Problems with your logic:

-Used games have already been purchased by 1 person and sold back to gamestop. This means that every used copy is one that the developer has already made money off of. It's not perfect, but it's better than a copy they never made a dime off of.


True but after being purchased once they can go on to be sold / resold a dozen times over. All it really takes is for enough used copies to proliferate which is why in this console era new game sales typically dry up after about two months - at that point there's enough used copies out there that stores will never need to order new copies again.

So you've got two months of regular revenue then it's all down to selling DLC and online passes. That's good, is it? It's not the way things are in pc-gaming space where there is no used game market and games have a very long sales life. It's not even the way it used to be in the console market in just the previous generation.

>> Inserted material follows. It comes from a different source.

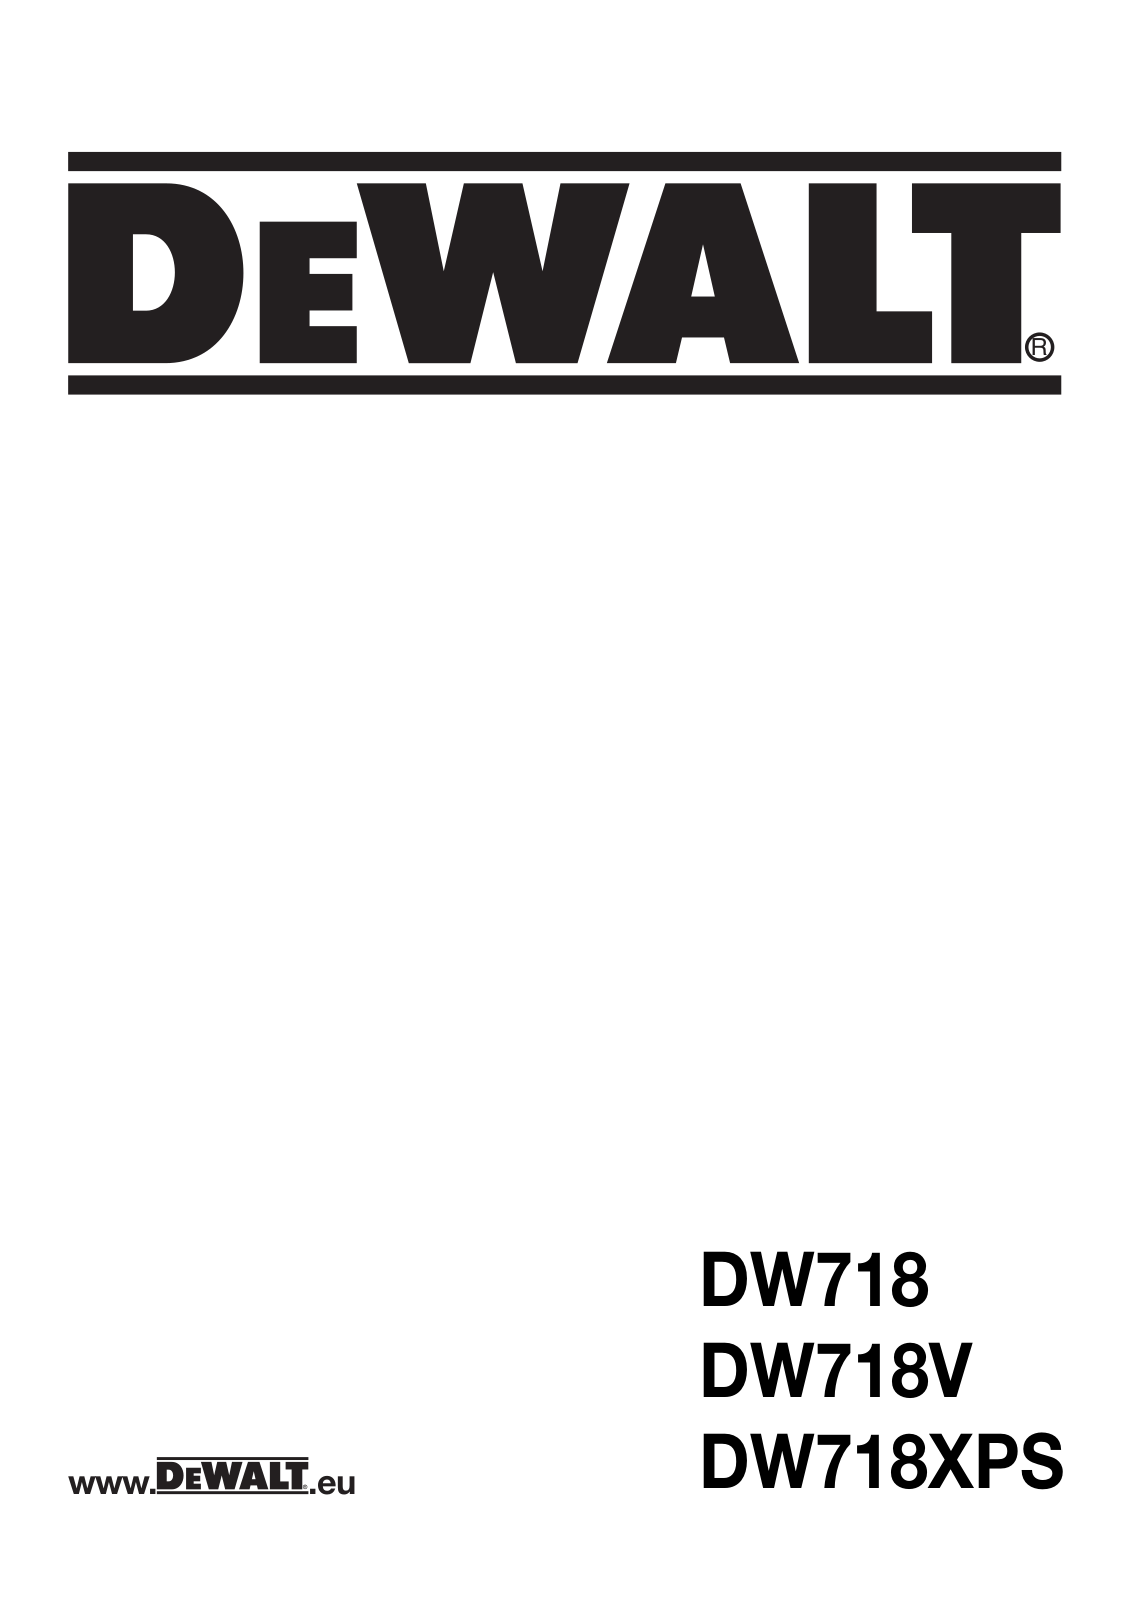 DeWalt DW718XPS, DW718, DW718V User Manual

-Online Passes. I've never seen an online pass available to pirated copies of games. Online passes and DLC present the opportunity for developers to make sales to gamers even after they've bought used. This alone makes used copies potentially better for developers than getting robbed.

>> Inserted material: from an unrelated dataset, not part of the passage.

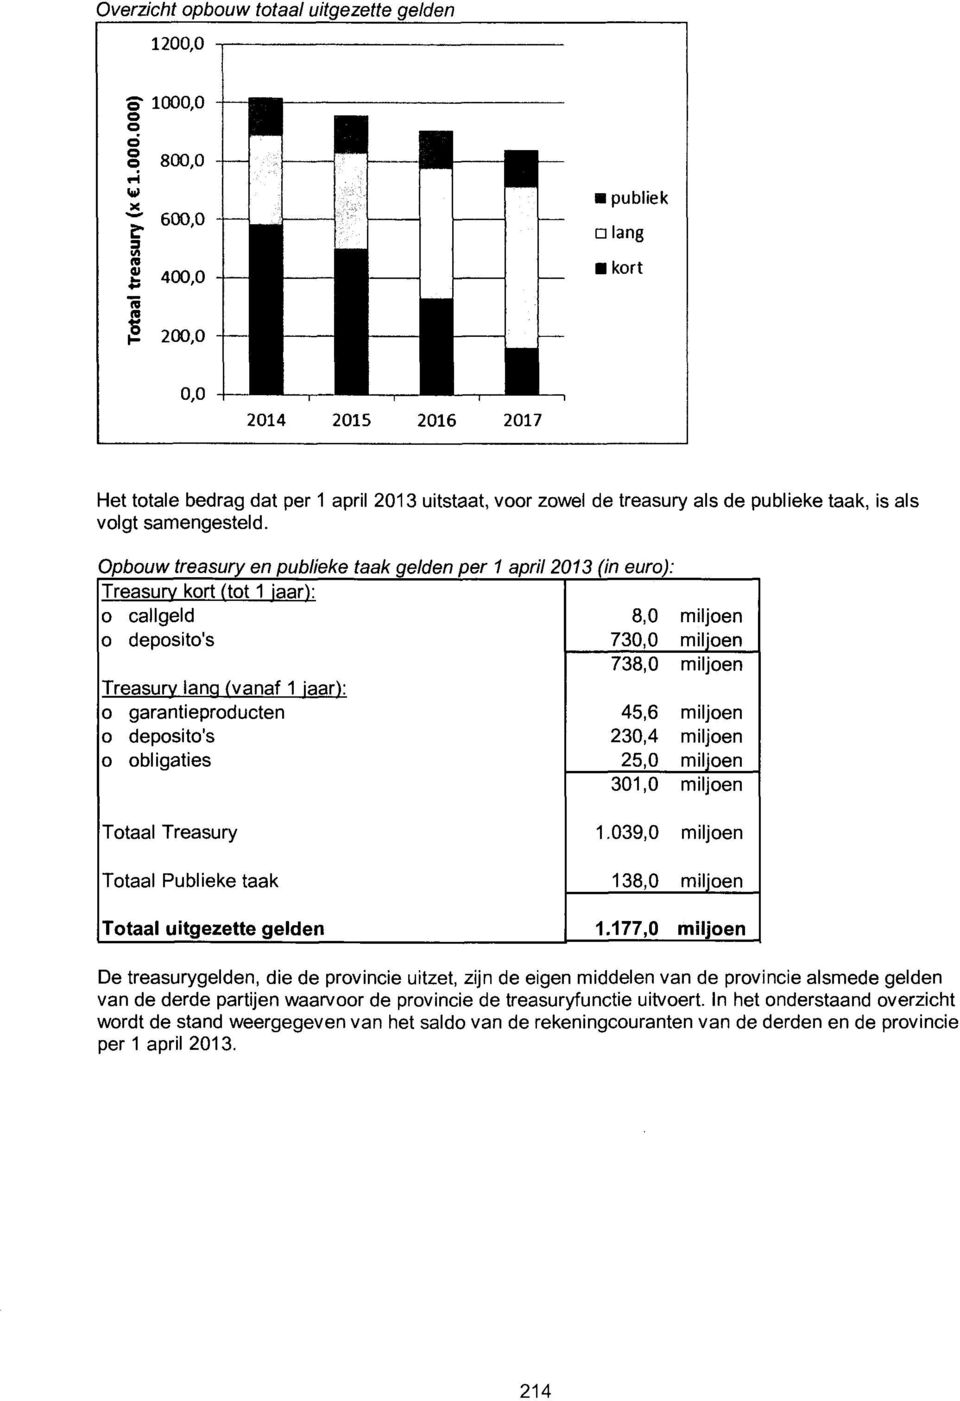 Opbouw treasury en publieke taak gelden per 1 april 2013 (in euro) Treasurv kort ftot 1 jaar): 0 callgeld 8,0 0 deposito's 730,0 738,0 Treasurv lana (vanaf 1 jaar): 0 garantieproducten 45,6 o

Mmm, DLC's problematic since it's usually not any more difficult to crack than the game regular but theoretically at least there's no reason you couldn't try selling online passes to pirates.


It depends on the DLC and the developer to a large extent. Remember that PC piracy isn't the only form, and that console games are ripped from the internet as well. Neither console's online network is workable with pirated games, or with consoles that play pirated games. Not as far as I'm aware anyway.

As to PC gaming - I was a contributor to that market dying. Years ago PC gaming was the superior market. Better games were made on the PC, and developers preferred working on the PC. The problem was piracy. As a pirate, and I realized this far too late, I helped PC gaming come to a stand-still. Whereas before games were developed for the PC, they're now ported if they show up at all. Piracy ended profitability on the PC, and developers had to move to console gaming. Many companies (Bethesda is a great example) had to start developing for consoles because they simply couldn't make any kind of money making PC games.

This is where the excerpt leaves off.